Po przegranej na ostatniej gali XTB KSW 81 Sarara postanowił zakończyć przygodę z MMA. Errol Zimmerman wygrał pojedynek z polskim wojownikiem po technicznym nokaucie w drugiej rundzie. Obchodzący w tym roku 38. urodziny Sarara przyznał, że porażka pomogła mu w podjęciu tej decyzji.
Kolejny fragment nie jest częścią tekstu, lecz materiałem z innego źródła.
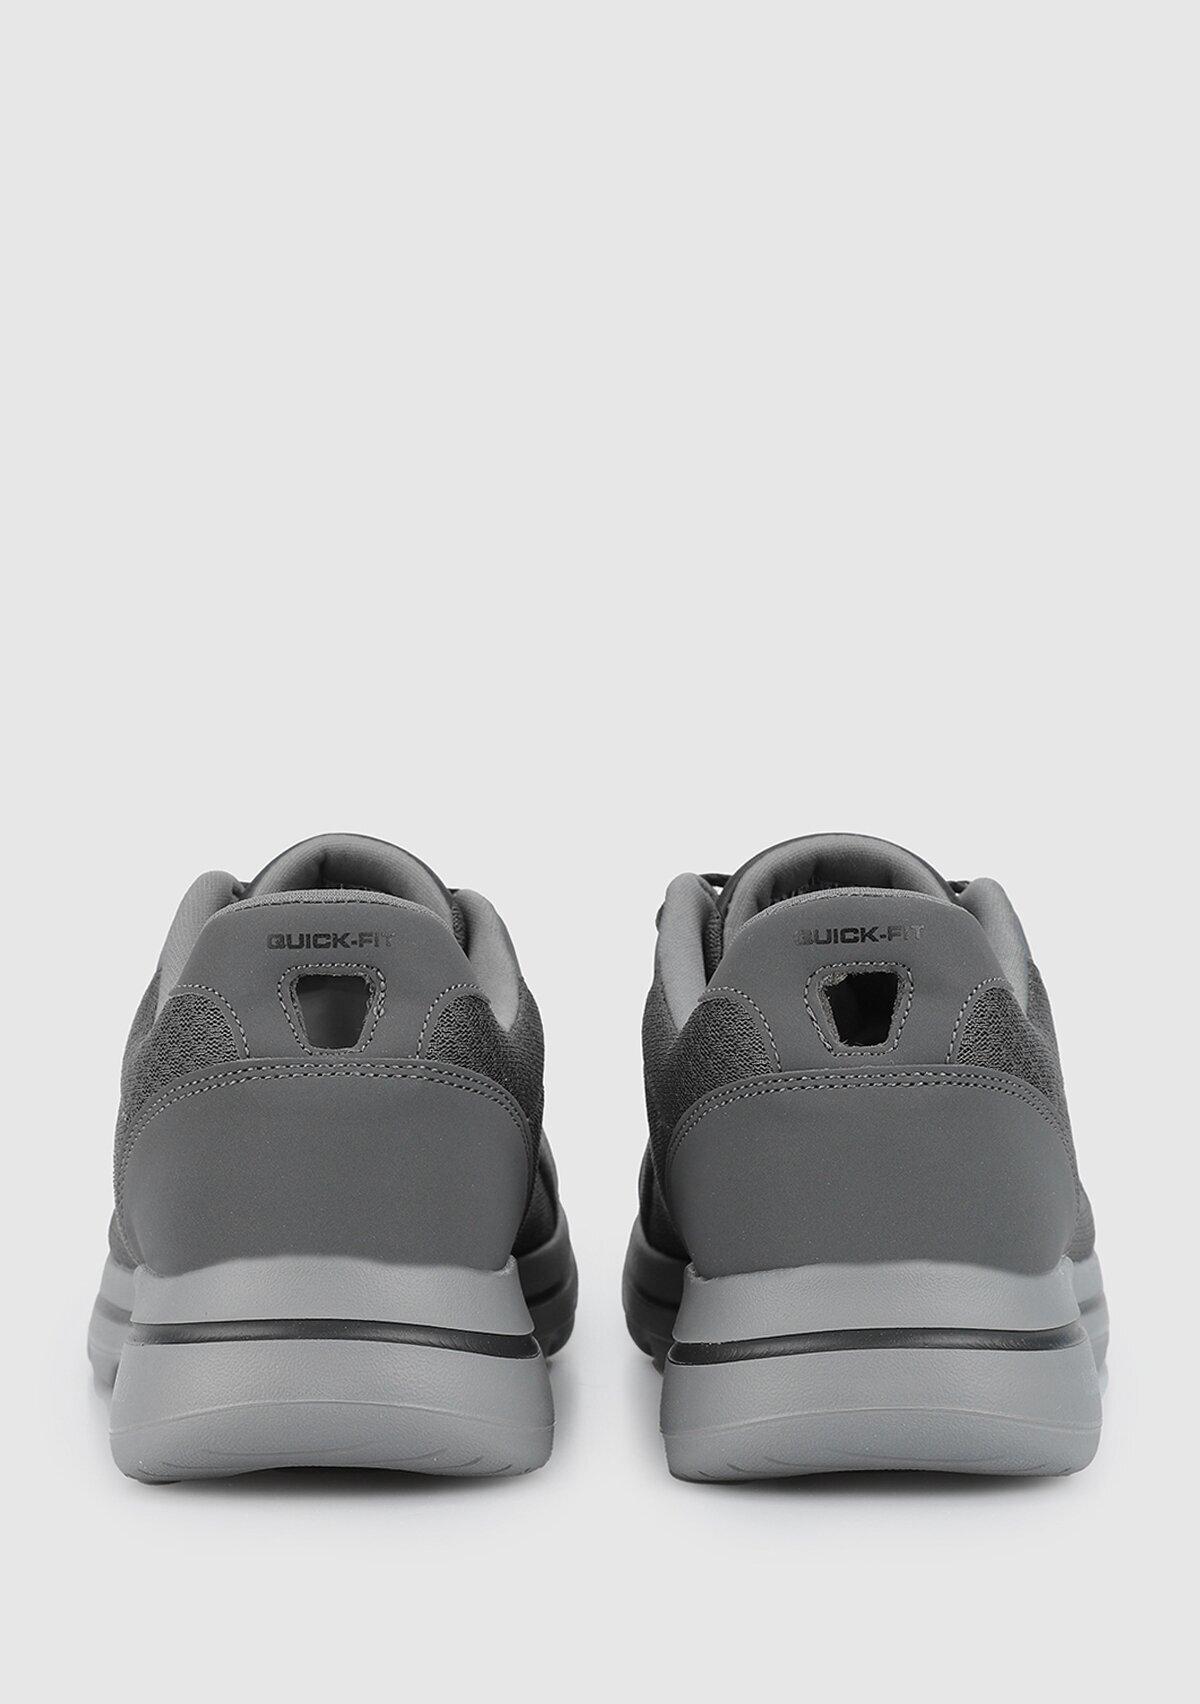 resm Go Walks 5 Gri Erkek Sneaker 55509 Ccbk

- Ta ostatnia walka uświadomiła mi, że koniec kariery jest dużo bliżej niż mi się wydawało. Pokazała też, że to, co działo się ostatnimi czasy nie było przypadkiem. Od dłuższego czasu coś z moim organizmem, z moją osobą i głową dzieje się innego. Faktycznie najwyższa pora wszystko przeanalizować, przetrawić i podjąć rozsądne decyzje - powiedział w filmiku opublikowanym na swoim kanale na YouTube.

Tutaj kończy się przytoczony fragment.